Please note: Due to alternative arrangements for teaching and assessment in place from 18 March 2020 to mitigate against the restrictions in place due to COVID-19, information shown for 2019/20 may not always be accurate.

Please note: you are viewing unit and programme information for a past academic year. Please see the current academic year for up to date information.

Unit name Supply Chain Analytics & Projects
Unit code EFIMM0073
Credit points 20
Level of study M/7
Teaching block(s) Teaching Block 2 (weeks 13 - 24)
Unit director Dr. Sheng
Open unit status Not open
Pre-requisites

Nil

Co-requisites

Nil

School/department School of Management - Business School
Faculty Faculty of Social Sciences and Law

Description including Unit Aims

Analytics plays four distinct roles in a supply chain context:

  1. To provide input into the supply chain strategic planning process by means of forecasts and predictions relating to potential strategy option. This may be termed predictive analytics.
  2. Once strategy is selected, the operations function must work out a means of implementation. Analytics provides models to advise on optimal decisions in this context. This may be termed prescriptive analytics.
  3. To assess the success or otherwise of any supply chain initiative; and metrics that need to be identified to measure performance. This may be termed descriptive analytics.
  4. How the above analytics can provide useful knowledge for supply chain enhancement purposes and inputs to associated project management activity.

The aim of this unit is to introduce the key concepts, models and computing software tools in each of these three domains and to work through the challenges of successful implementation in real world cases and situations.

A key element will not only be a focus on appropriate choice and implementation of approach, but communication of the output from such methods and software for supply chain improvements and their subsequent project management.

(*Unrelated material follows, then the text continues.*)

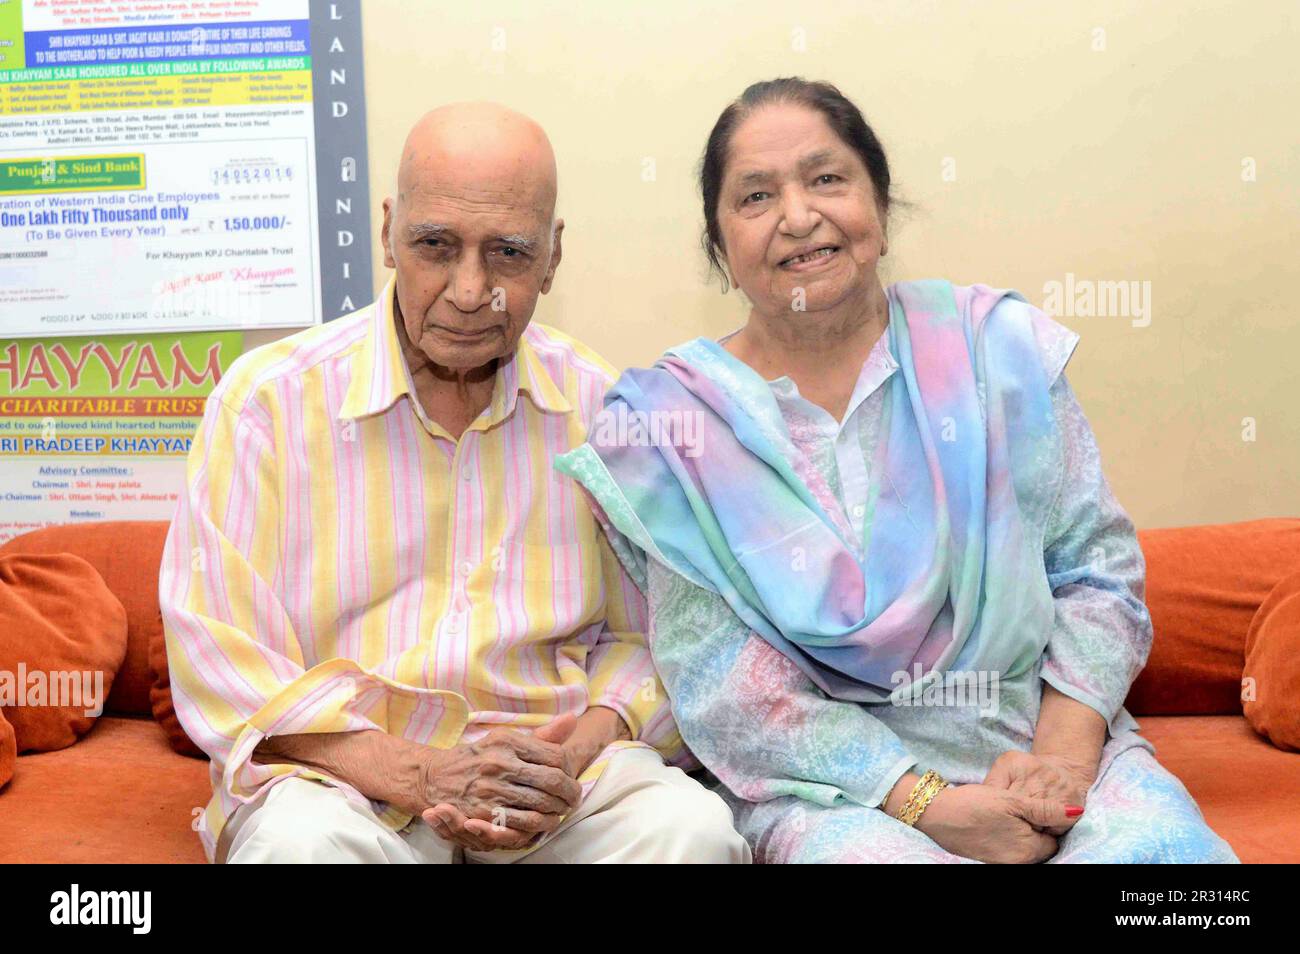 Khayyam, Mohammed Zahur Khayyam Hashmi, direttore di musica indiana, Jagjit Kaur, moglie, Mumbai, India, 27 maggio 2017 Foto Stock

Intended Learning Outcomes

On completion of this unit, students should be able to:

  1. Demonstrate understanding of the main descriptive, predictive and prescriptive analytical models and tools for supply chain and project management
  2. Apply the main descriptive, predictive and prescriptive analytical models and tools available for analysing supply chain and project data
  3. Use computer software for analysing and modelling projects and problems.
  4. Interpret analytical results to form an opinion on a given business question
  5. Demonstrate a critical approach to the selection of analytical tools for a given problems and the opportunities and limitations inherent in both the tool and the application environment.
  6. Distinguish different approaches when communicating technical information, whether orally or written, to different audiences, whether specialist or generalist, strategic or tactical.
  7. Demonstrate the ability to study independently and work within a small group.

Teaching Information

The unit structure offers 30 contact hours, organised as 10 weekly 3-hour sessions. The learning process will be based on a combination of flipped learning style session with e-learning resources, such as podcasts and voice-enhanced power point presentations, predominantly used for theory, knowledge and concepts and class contact hours used to validate that the intended learning has taken place, using quizzes and polls, with class discussion around problematic issues. The session will then incorporate application of knowledge to cases, both in small group and individual work culminating in formative presentations. Where computer analysis can be done using Excel, students will be encouraged to bring their laptops to class; where specialist software is needed, these sessions will take place in a computer lab.

Assessment Information

Formative Assessment (ILO 1,2,3):

Students will have the opportunity to work online on weekly problems that build the necessary analytical skills for tackling larger case-based problems. A mixture of online assessment and materials to enable self-assessment will be provided.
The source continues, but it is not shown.